Masum Billah | November 02, 2013 00:00:00


Three American professors have been awarded 2013 Nobel Prize in Economics. They "laid the foundation for the current understanding of asset prices," as the Royal Swedish Academy of Sciences commented. "It relies in part on fluctuations in risk and risk attitudes, and in part on behavioural biases and market frictions." Their work spans almost 50 years of research, beginning with the finding by the University of Chicago's Fama that it's difficult to predict price movements in the short run. That conclusion forms the basis for the theory that financial markets are efficient and led to the development of stock-index funds. Robert Shiller, who shared the 8.0 million Swedish krona (781 thousand pounds) prize with fellow laureates Eugene Fama and Lars Peter Hansen, said the US Federal Reserve's economic stimulus and growing market speculation were creating a "bubbly" property boom.

The Royal Swedish Academy of Sciences lauded the economists' research on the prices of stocks, bonds and other assets, saying "mispricing of assets may contribute to financial crises and, as the recent global recession illustrates, such crises can damage the overall economy." This was the case in the collapse of the US housing market, which helped trigger the 2008-2009 global financial crisis. Markets are at risk of committing the same error now, Shiller told Reuters after learning he had won the Nobel prize. "This financial crisis that we've been going through in the last five years has been one that seems to reveal the failure to understand price movements," Shiller said. Shiller and other economists warn that prices in some markets have risen too far, too fast due to the Fed's ultra-easy monetary policy. The benchmark US Standard & Poor's 500 index hit a record in September, though it is generally not considered overvalued based on expectations for corporate earnings results or economic growth. In June this year, he pointed to a potential new housing bubble in some of America's largest cities. "It is up 12 per cent in the last year. This is a very rapid price increase right now, and I believe that it is accelerated somewhat by the Fed's policy," he said. China, Brazil, India, Australia, Norway and Belgium, among other countries, were witnessing similar price rises. "There are so many countries that are looking bubbly," he said. This view of how assets are priced is at odds with Shiller's belief that investors can fall prey to "Irrational Exuberance," the title of his 2000 book, shortly before the bursting of a global bubble in information technology stocks.

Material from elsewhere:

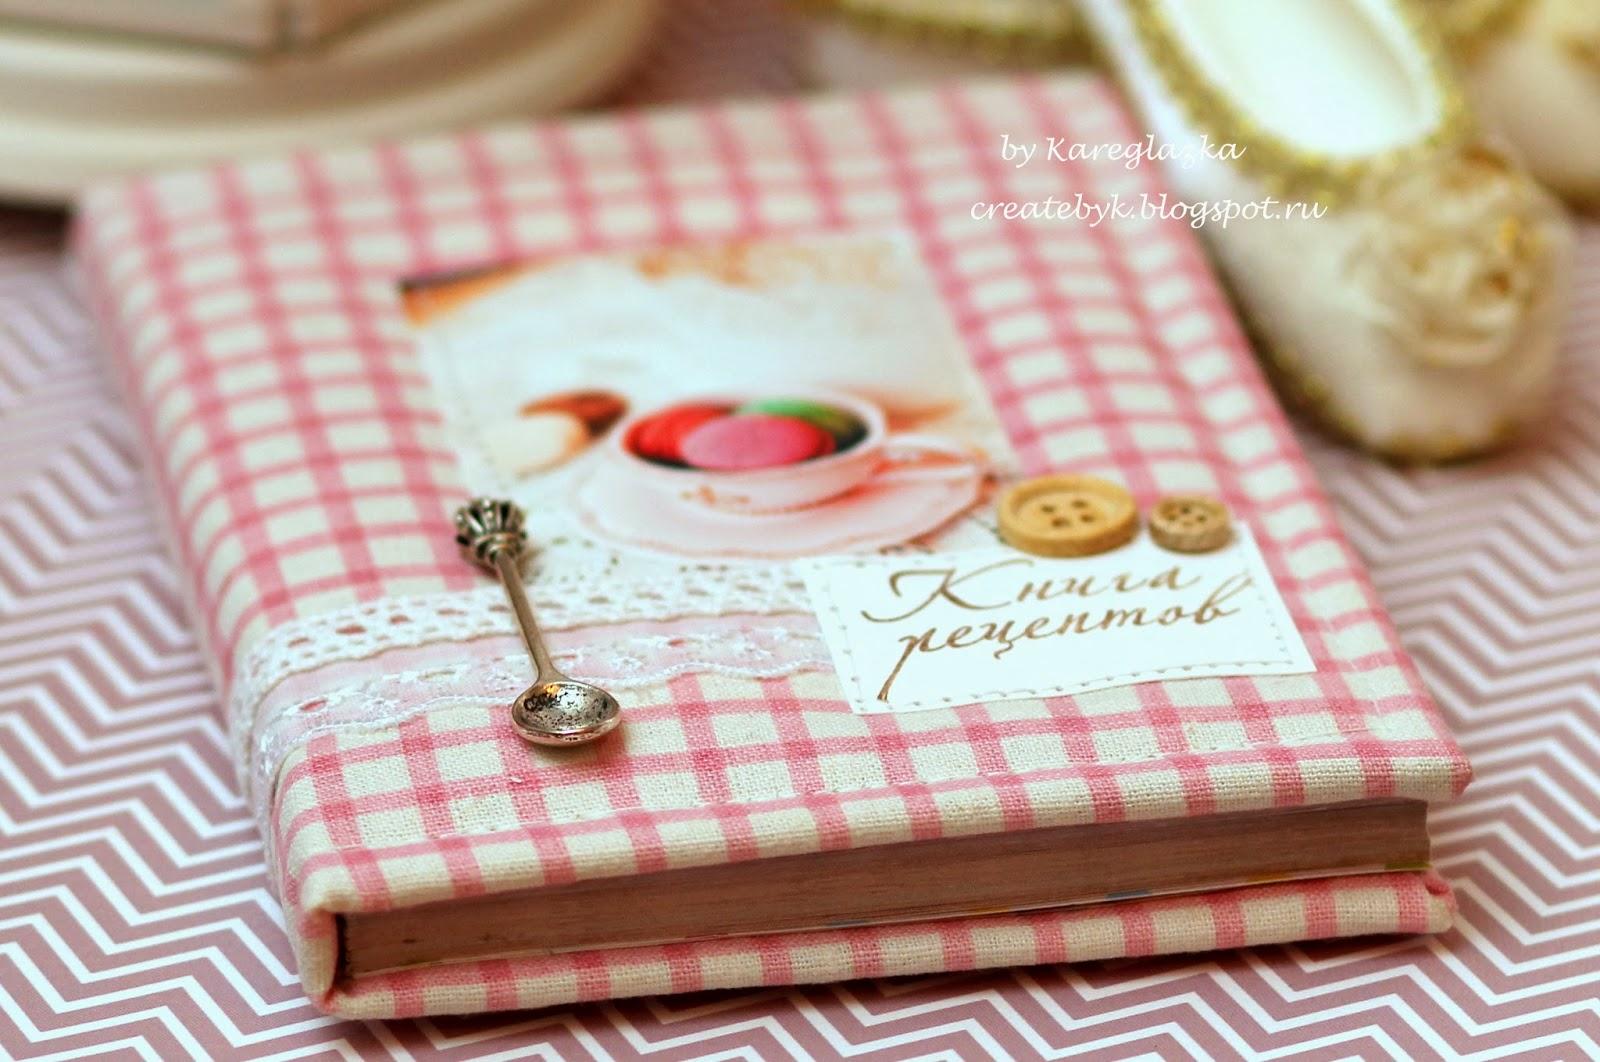 кулинарная книга ручная работа

Central bankers traditionally try to avoid targeting asset bubbles with a blunt instrument like interest rates. But the severe harm done when a bubble bursts means that, in the United States at least, they are thinking more broadly about the unintended consequences of their monetary policy decisions. "When asset prices are getting way out of line it should be cause for alarm. The monetary authorities should lean against extreme asset price movements," Shiller said. The bubbling housing market is not mainly the result of central bank policy, but reflects a shift toward "a more speculative attitude," Shiller said. "We cannot expect monetary policy to cure all of these problems." Hansen struck a more cautious note. "We often underestimate how much uncertainty there is in terms of our understanding of the economy," he said. "If you pretend that we know more than we do, you are in danger of constructing policies that can be counter-productive." Hansen, who voiced caution about the ability of economists to spot asset bubbles in advance, said there were different ways to interpret evidence. "In terms of overall understanding I guess there is a sense in which one could view them as complimentary," he said of the research of his co-winners. "But right now, they would both have very different guesses about what is the right set of models going forward," he said in an interview.

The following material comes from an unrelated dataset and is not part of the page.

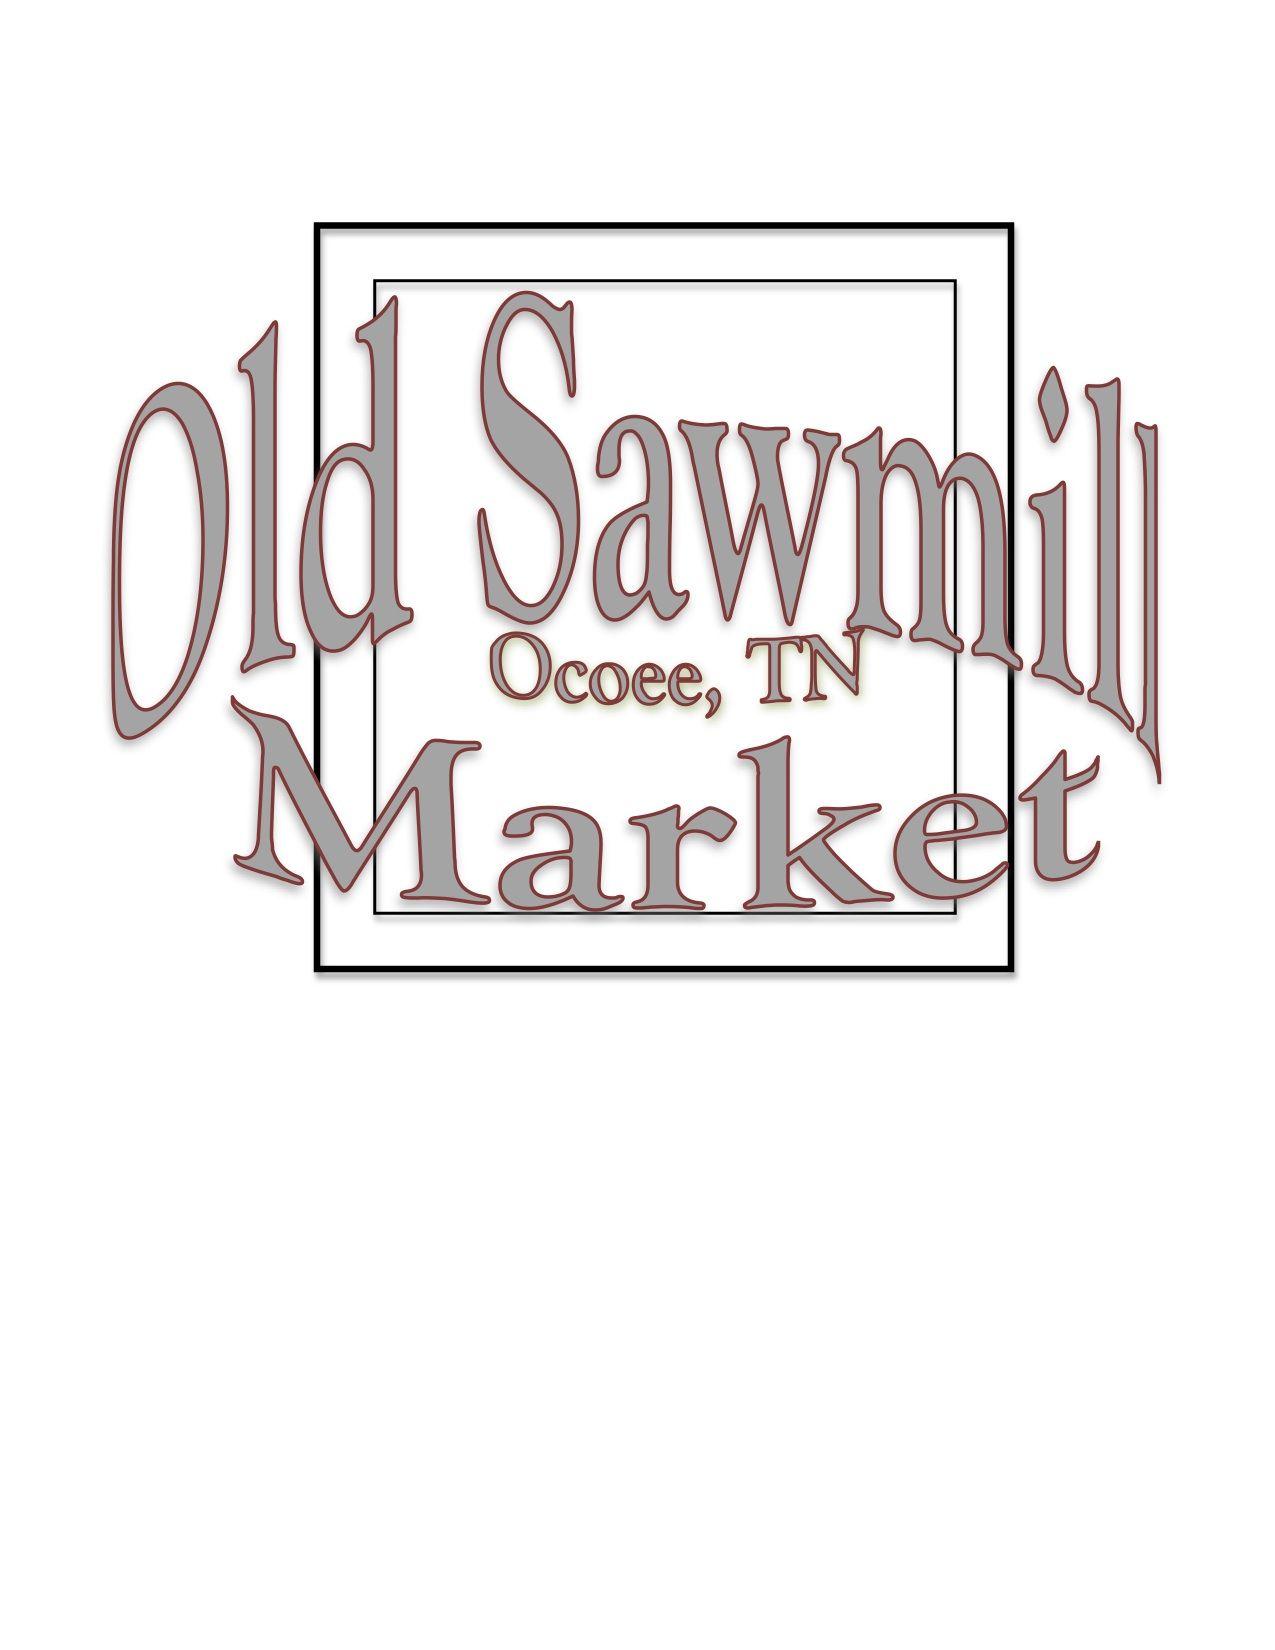 old sawmill market ocoee tn - Google Search

The name of Fama has been heard as a Nobel winner for many years. He has been called the father of modern finance and is well-known for research showing certain groups of stocks tend to outperform over time, and for thinking about markets as efficient. Fama and Hansen are professors at the University of Chicago, while Shiller is a professor at Yale University. Collectively, with research spanning decades, their work helped the emergence of index funds in stock markets. Peter Englund, professor of banking at the Stockholm School of economics and member of the prize committee, said," their research had deeply influenced modern finance. The most obvious application, that follows on from Fama's research, is the insight that you can't beat the market. It is impossible to prove that equity analysis is worth the money". Yale University's Shiller, in particular, took issue with the argument that investors are always logical, using the phrase "irrational exuberance" to explain run-ups in asset prices. The winners represent a "very interesting collection because Fama is the founder of the efficient-market theory and Shiller at least is one of the critics of it," said Robert Solow, winner of the Nobel economics prize in 1987 and professor emeritus at the Massachusetts Institute of Technology in Cambridge. The award comes five years after a financial crisis that drove the US and world economies into their deepest recession since the Great Depression.

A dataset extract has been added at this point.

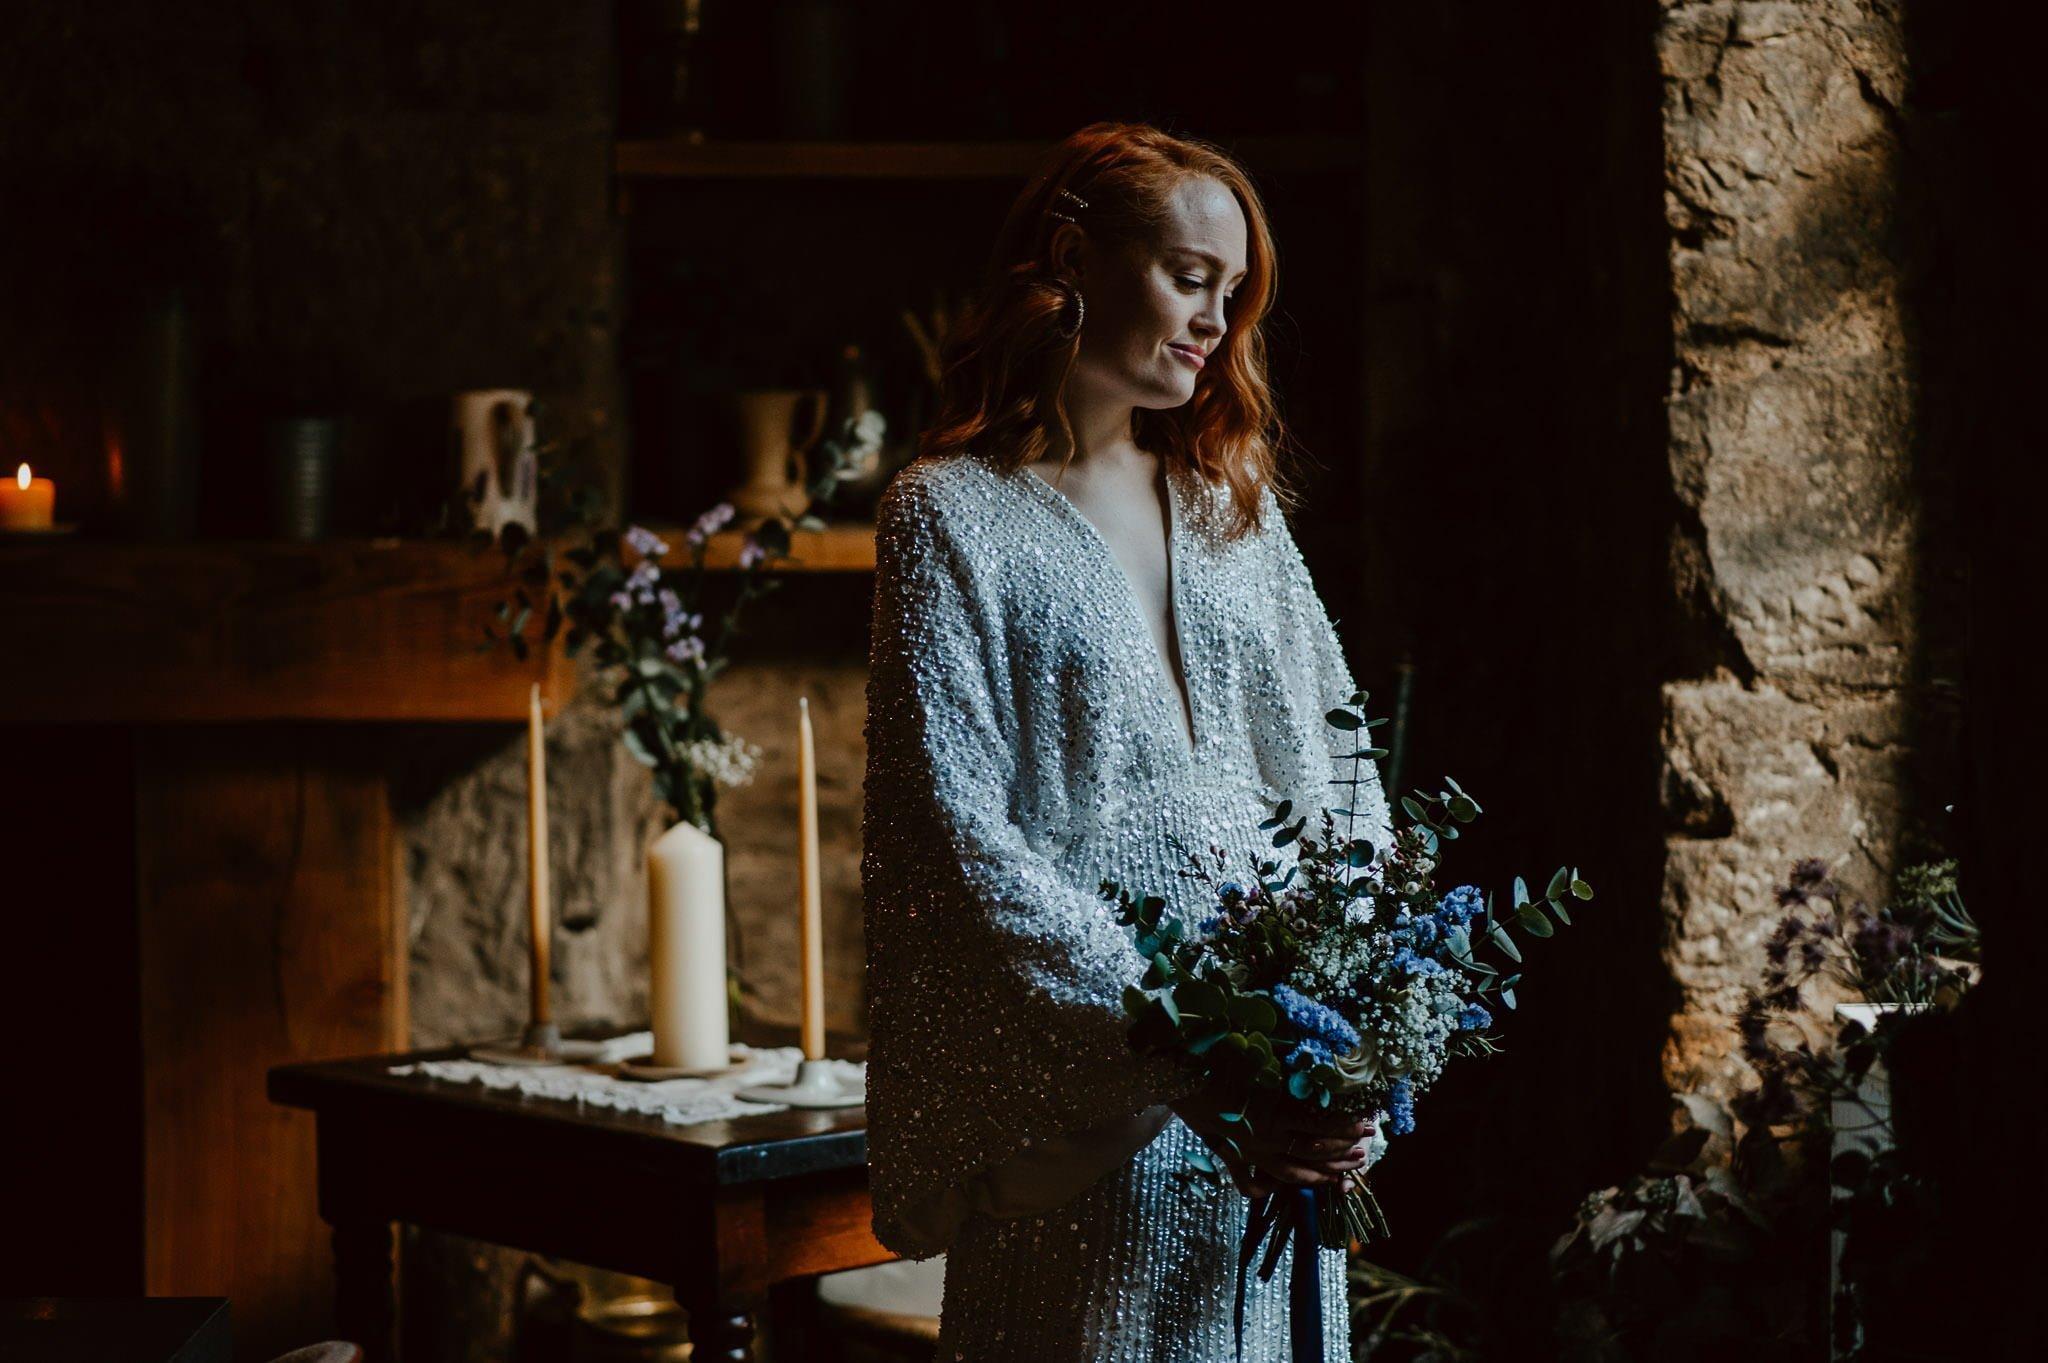 A Dreamy Pre-Raphaelite Wedding at the Bothy in Glasgow 9

In the mid-1960s, Fama propounded theories arguing that stock-price movements are unpredictable and follow a "random walk," making it impossible for any investor, even a professional, to gain an advantage. He also showed in later work that so-called value and small-cap stocks have higher returns than growth stocks, and he rejected the notion that markets often produced bubbles. "Fama's research at the end of the 1960s and the beginning of the 1970s showed how incredibly difficult it is to beat the market, and how incredibly difficult it is to predict how share prices will develop in a day's or a week's time," said Peter Englund, professor in banking at the Stockholm School of Economics and secretary of the committee that awards the Nobel Prize in Economic Sciences. "That shows that there is no point for the common person to get involved in share analysis. It's much better to invest in a broadly composed portfolio of shares." Fama said he learned of the award while preparing for a class on portfolio theory and asset pricing. A native of Boston, Fama earned a bachelor of arts degree at Tufts University in Medford, Massachusetts, in 1960, and went on to the University of Chicago, where he received a master of business administration degree in 1963 and a doctorate in 1964.

Since 1981, Shiller has been at the vanguard of economists chipping away at the theory of efficient markets. His research showed that investors can be irrational and that assets from stocks to housing can develop into bubbles. Shiller found that stock prices were bad 'weathermen,'" said Nobel laureate George Akerlof, an economics professor at the University of California at Berkeley and husband of Janet Yellen, President Barack Obama's nominee to be Federal Reserve chairman. "Historically, they have been much more variable than the current value of the dividend streams." From this evidence, he concluded that rational models of the stock market, in which stock prices reflect rational expectations of future payouts, are in error. This clever combination of logic, statistics, and data implies that stock markets are, instead, prone to irrational exuberance. Born in Detroit in 1946, Shiller earned his PhD in economics from the Massachusetts Institute of Technology in 1972. He told reporters that he learned of the award while "getting out of the shower this morning. I wasn't properly dressed, but I didn't want to miss the phone call." Shiller said the 2008 financial crisis "reflected mistakes and imperfections in our financial system that we are already working on correcting. I think there's much more to be done. I think it will take decades. But we've been through financial crises many times in history and we generally learn from them. Shiller's research showed episodes when assets were overvalued," said Englund. When information technology shares rose in the 1990s, Shiller argued "that this is not sustainable in the long-term, which he was right about," Englund said.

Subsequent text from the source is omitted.